→ EXTRACTED DATA:
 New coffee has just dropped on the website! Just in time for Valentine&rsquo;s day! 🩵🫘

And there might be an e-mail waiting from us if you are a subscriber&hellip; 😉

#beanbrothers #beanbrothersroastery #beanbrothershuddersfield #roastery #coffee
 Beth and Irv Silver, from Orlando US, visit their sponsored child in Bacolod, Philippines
...
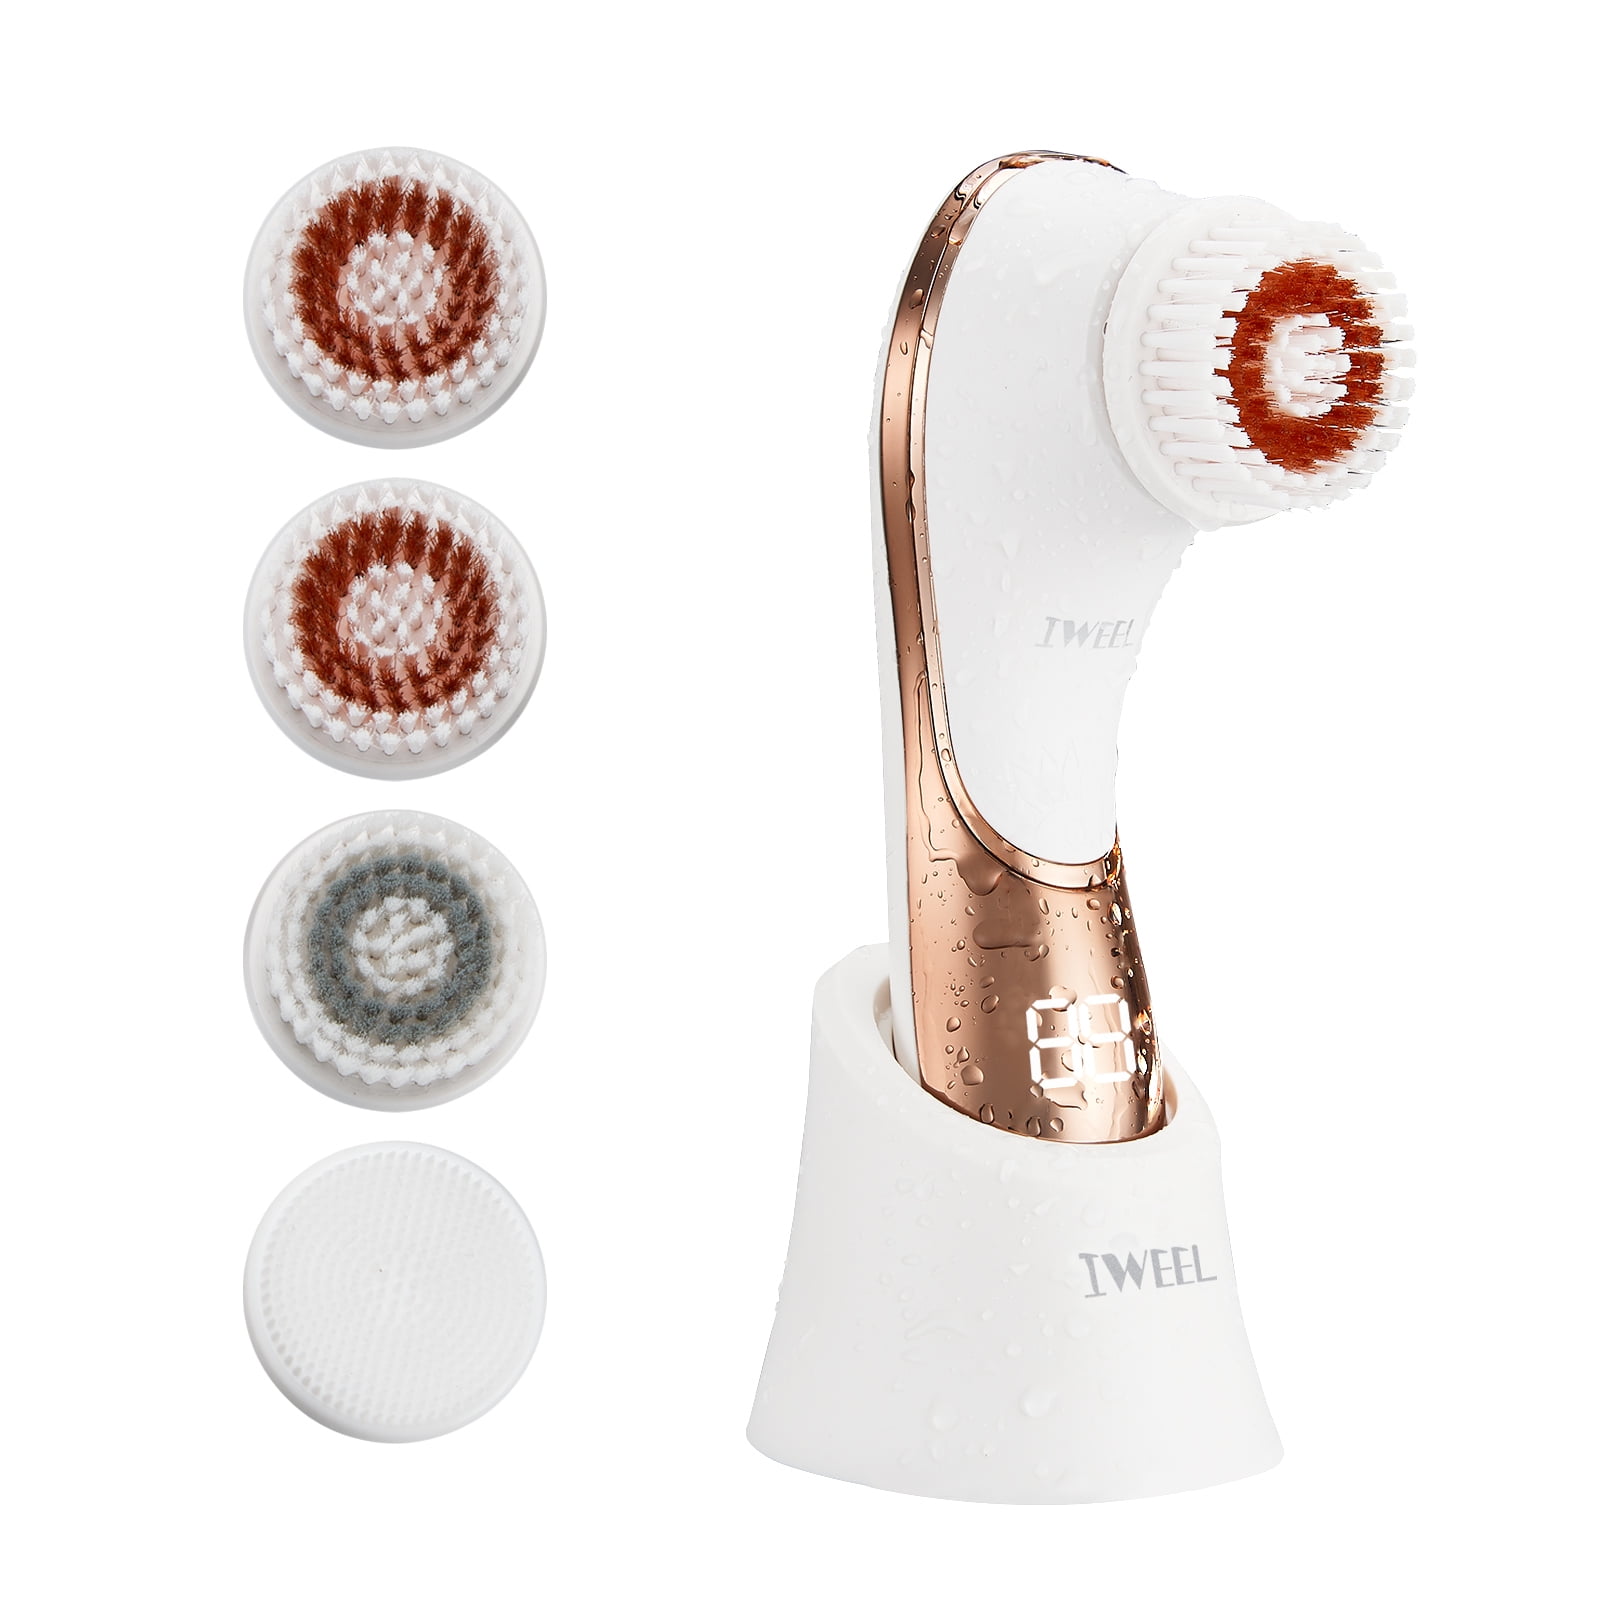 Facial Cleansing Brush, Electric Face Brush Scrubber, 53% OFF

→ ABOUT THIS TASK:
Take the lines above from the one containing "New coffee has" down to the one containing "Beth and Irv", and transcribe them exactly, both ends included.

→ EXPECTED ANSWER:
 New coffee has just dropped on the website! Just in time for Valentine&rsquo;s day! 🩵🫘

And there might be an e-mail waiting from us if you are a subscriber&hellip; 😉

#beanbrothers #beanbrothersroastery #beanbrothershuddersfield #roastery #coffee
 Beth and Irv Silver, from Orlando US, visit their sponsored child in Bacolod, Philippines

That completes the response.